爬取300个房源的详细信息,在判断房东性别问题很快就解决了,但是在住房图片的链接获取上费了一些劲,目前用了字符的切片;在抓300个详情的链接的时候开始没有找到,后来成功定位,用了循环添加,大于300停止
我的成果
我的代码
from bs4 import BeautifulSoup
import requests
headers={'User-Agent':'Mozilla/5.0 (Macintosh; Intel Mac OS X 10_9_5) AppleWebKit/537.36 (KHTML, like Gecko) Chrome/44.0.2403.130 Safari/537.36'}
def get_links():
link_list=[]
count = len(link_list)
urls=['http://bj.xiaozhu.com/search-duanzufang-p{}-0/'.format(i) for i in range(1,20)]
for url in urls:
if count >300:
break
wb_data=requests.get(url,headers=headers)
soup=BeautifulSoup(wb_data.text,'lxml')
links=soup.select('#page_list > ul > li > div.result_btm_con.lodgeunitname')
for link in links:
link_list.append(link.get('detailurl'))
return link_list
def get_info(url):
# url='http://bj.xiaozhu.com/fangzi/4131080529.html'
# url='http://bj.xiaozhu.com/fangzi/3828318529.html'
wb_data=requests.get(url)
soup=BeautifulSoup(wb_data.text,'lxml')
titles=soup.select('body > div.wrap.clearfix.con_bg > div.con_l > div.pho_info > h4 > em')
areas=soup.select('body > div.wrap.clearfix.con_bg > div.con_l > div.pho_info > p > span')
prices=soup.select('#pricePart > div.day_l > span')

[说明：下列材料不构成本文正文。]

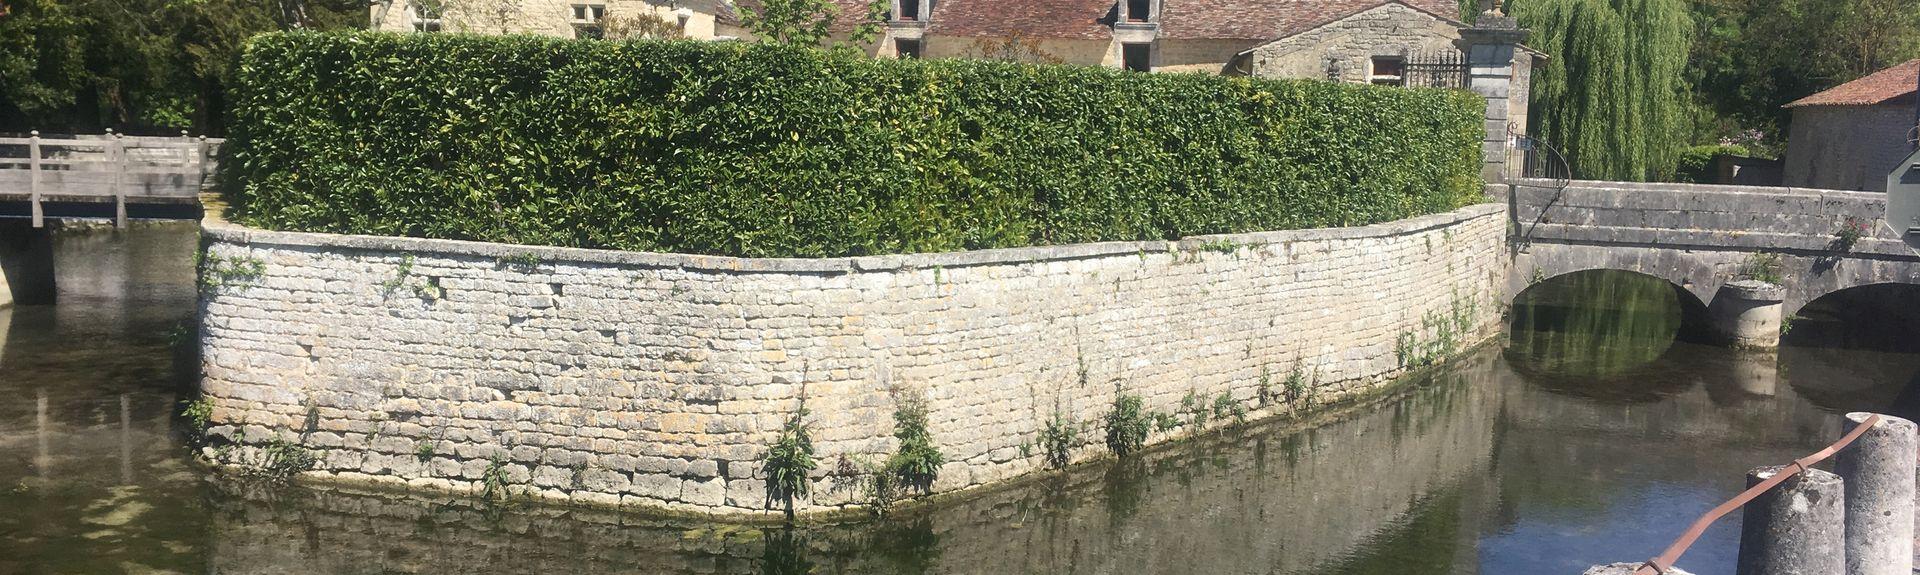 La Jarrie-Audouin, France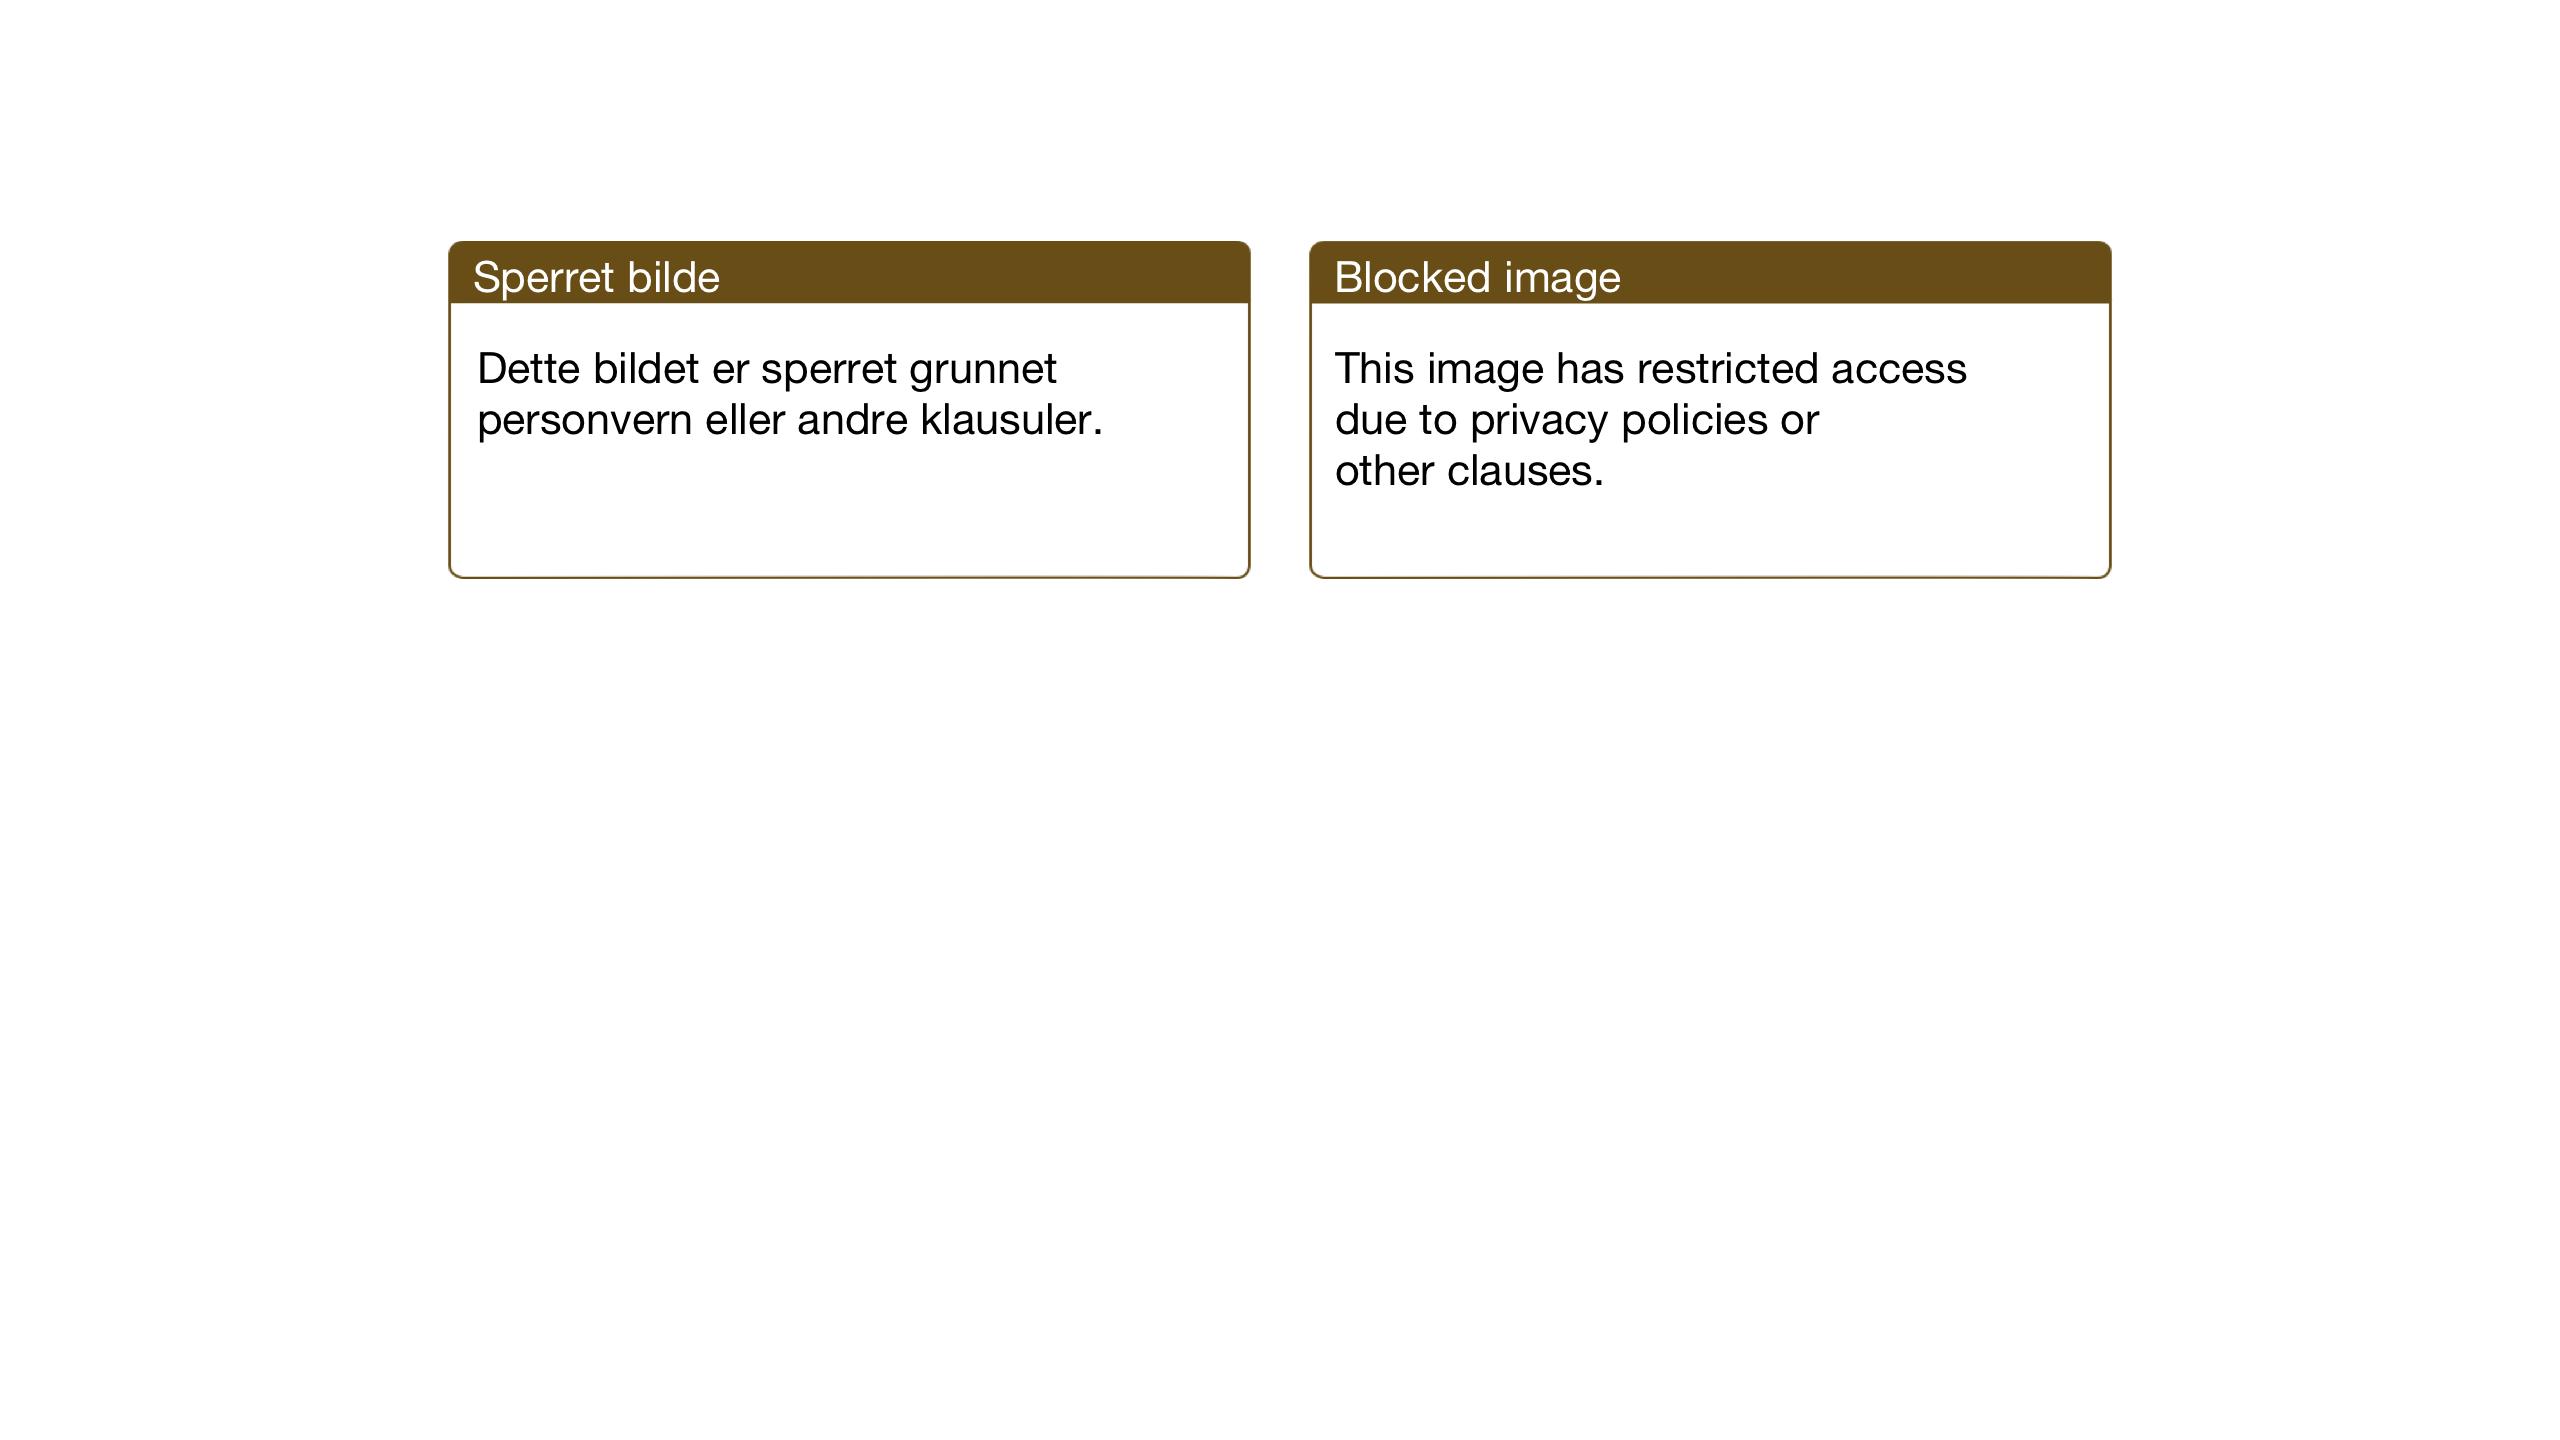 SAT, Ministerialprotokoller, klokkerbøker og fødselsregistre - Sør-Trøndelag, 682/L0947: Klokkerbok nr. 682C01, 1926-1968, s. 116

housepics=soup.select('#imgMouseCusor')
hostimgs=soup.select('#floatRightBox > div.js_box.clearfix > div.member_pic > a > img')
hostnames=soup.select('#floatRightBox > div.js_box.clearfix > div.w_240 > h6 > a')
hostsexes=soup.select('#floatRightBox > div.js_box.clearfix > div.member_pic > div')
for title,area,price,housepic,hostimg,hostname,hostsex in zip(titles,areas,prices,housepics,hostimgs,hostnames,hostsexes):
sex='male' if hostsex.get('class') =='member_ico1' else 'female'
data={
'title':title.get_text(),
'area':area.get_text(),
'price':price.get_text(),
'housepic':'http://bj.xiaozhu.com'+housepic.get('style')[16:len(housepic.get('style'))-2],
'hostimg':hostimg.get('src'),
'hostname':hostname.get_text(),
'hostsex':sex
}
print(data)
link_list=get_links()
for i in link_list[:300]:
get_info(i)
总结
- 获取详情页面的房源图片需要再看一下答案
- 在实现level2分别构建获取链接函数存储在列表中返回,构建获取详情函数依次爬取
- 抓300链接用两层循环,翻页以及存每页链接